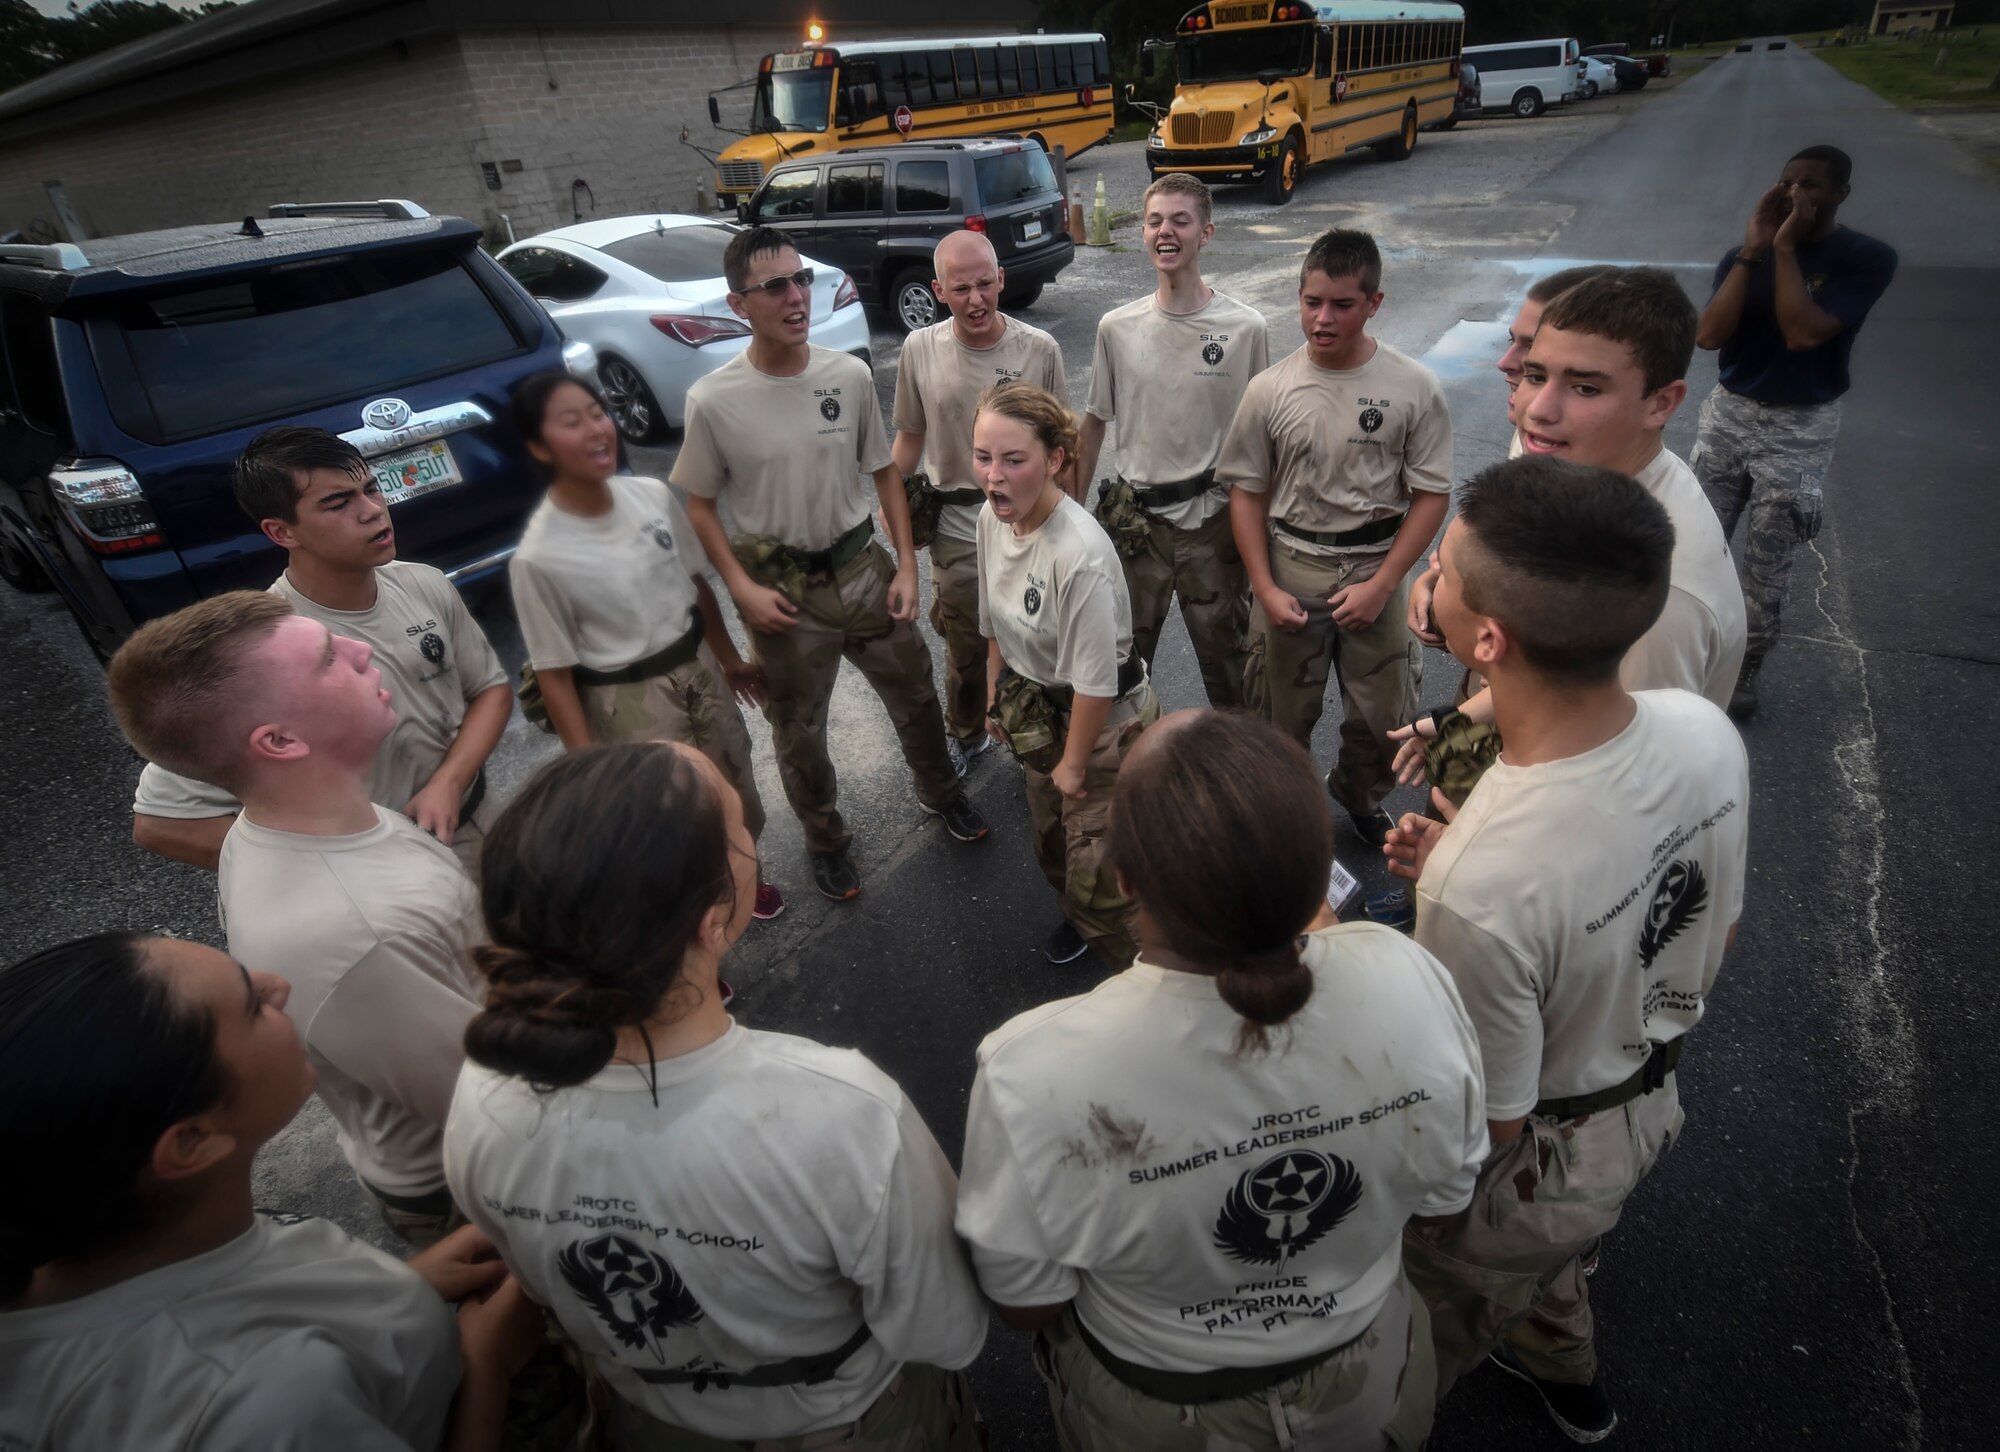 A Junior ROTC cadet motivates her team during a Monster Mash for Summer Leadership School at Hurlburt Field, Fla., June 30, 2017. Special Tactics Airmen partnered with more than 50 cadets from five local high schools for a week-long Summer Leadership Course to learn about leadership, teamwork, and self-confidence. (U.S. Air Force photo by Senior Airman Ryan Conroy) 
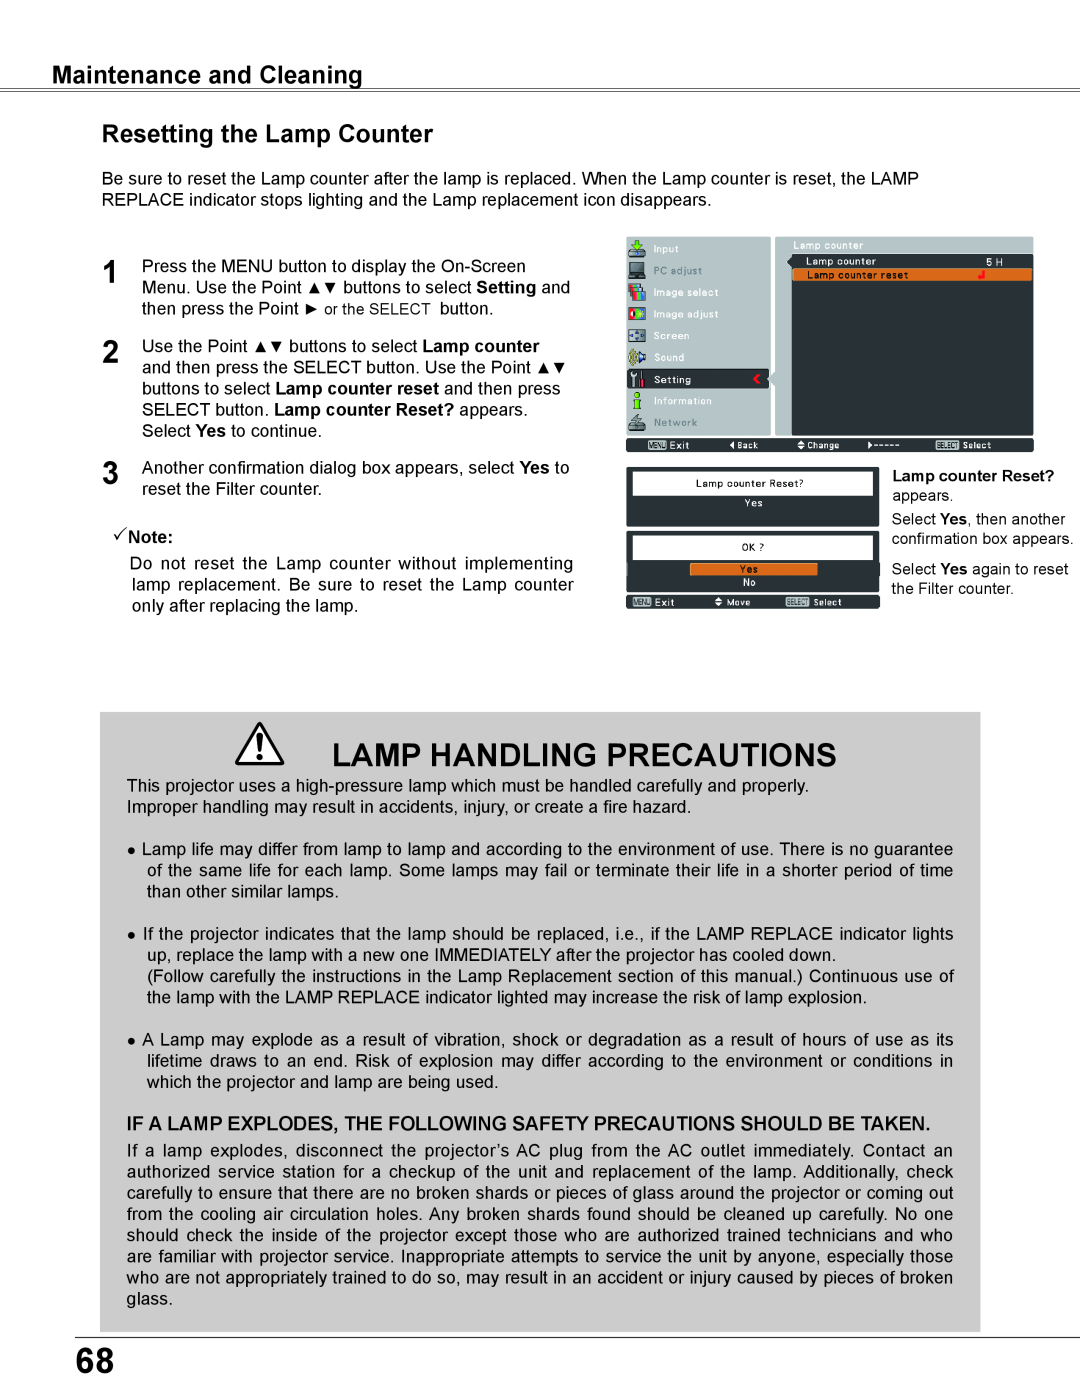 Sanyo WXU700A owner manual Lamp Handling Precautions, Resetting the Lamp Counter, Maintenance and Cleaning, Note 
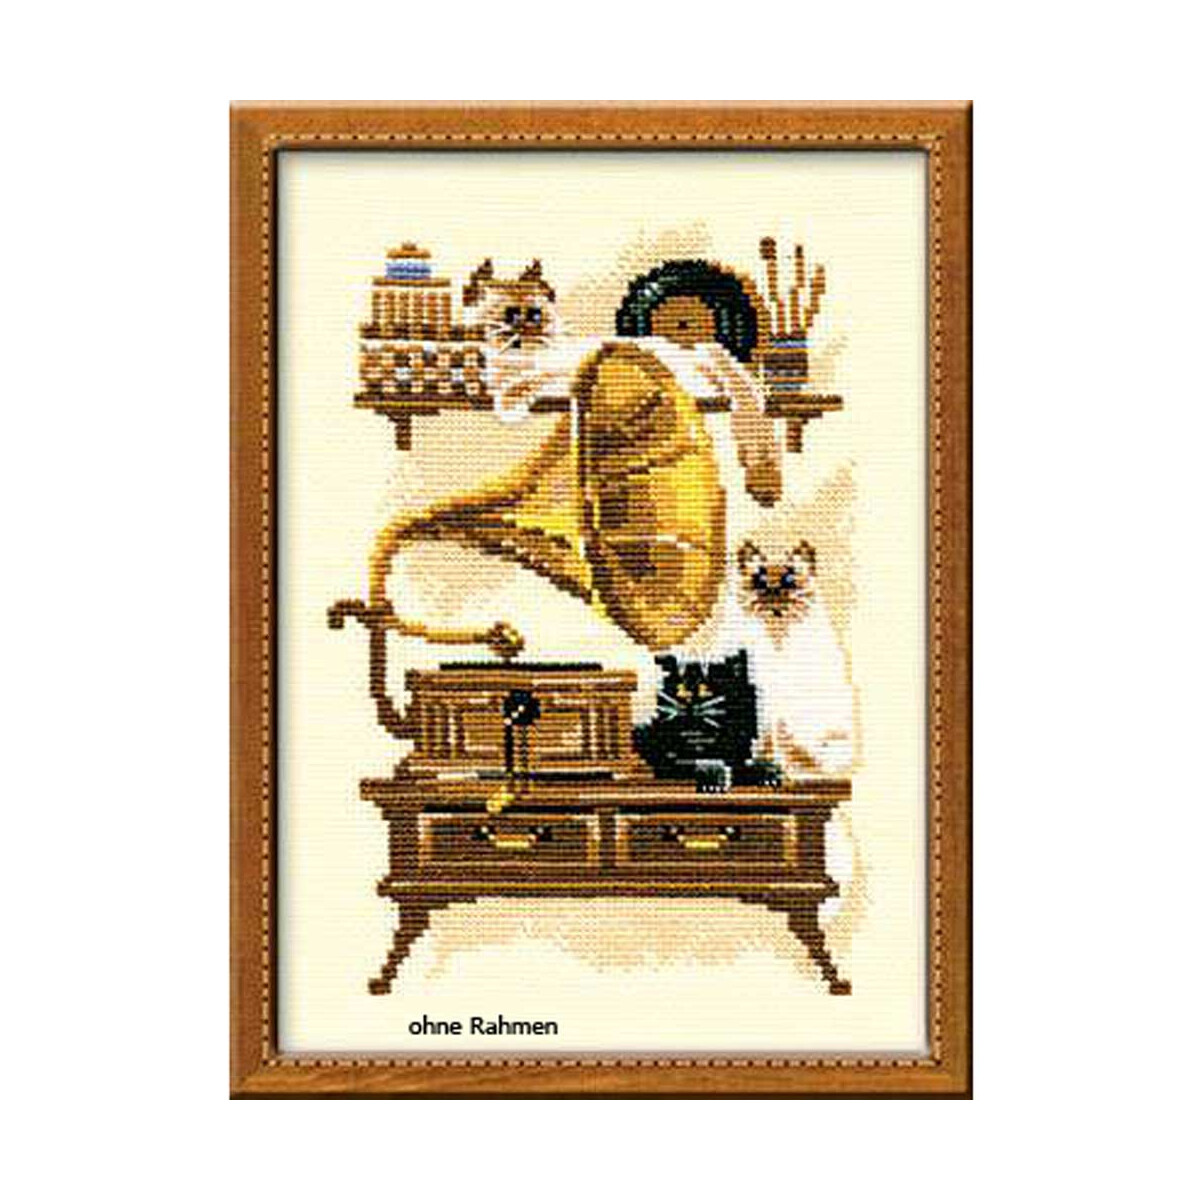 Riolis counted cross stitch Kit Cat with Gramaphone, DIY

________________________

Retype the data above exactly, dropping every picture.

 A Junior ROTC cadet motivates her team during a Monster Mash for Summer Leadership School at Hurlburt Field, Fla., June 30, 2017. Special Tactics Airmen partnered with more than 50 cadets from five local high schools for a week-long Summer Leadership Course to learn about leadership, teamwork, and self-confidence. (U.S. Air Force photo by Senior Airman Ryan Conroy) 
 Sanyo WXU700A owner manual Lamp Handling Precautions, Resetting the Lamp Counter, Maintenance and Cleaning, Note 
 Riolis counted cross stitch Kit Cat with Gramaphone, DIY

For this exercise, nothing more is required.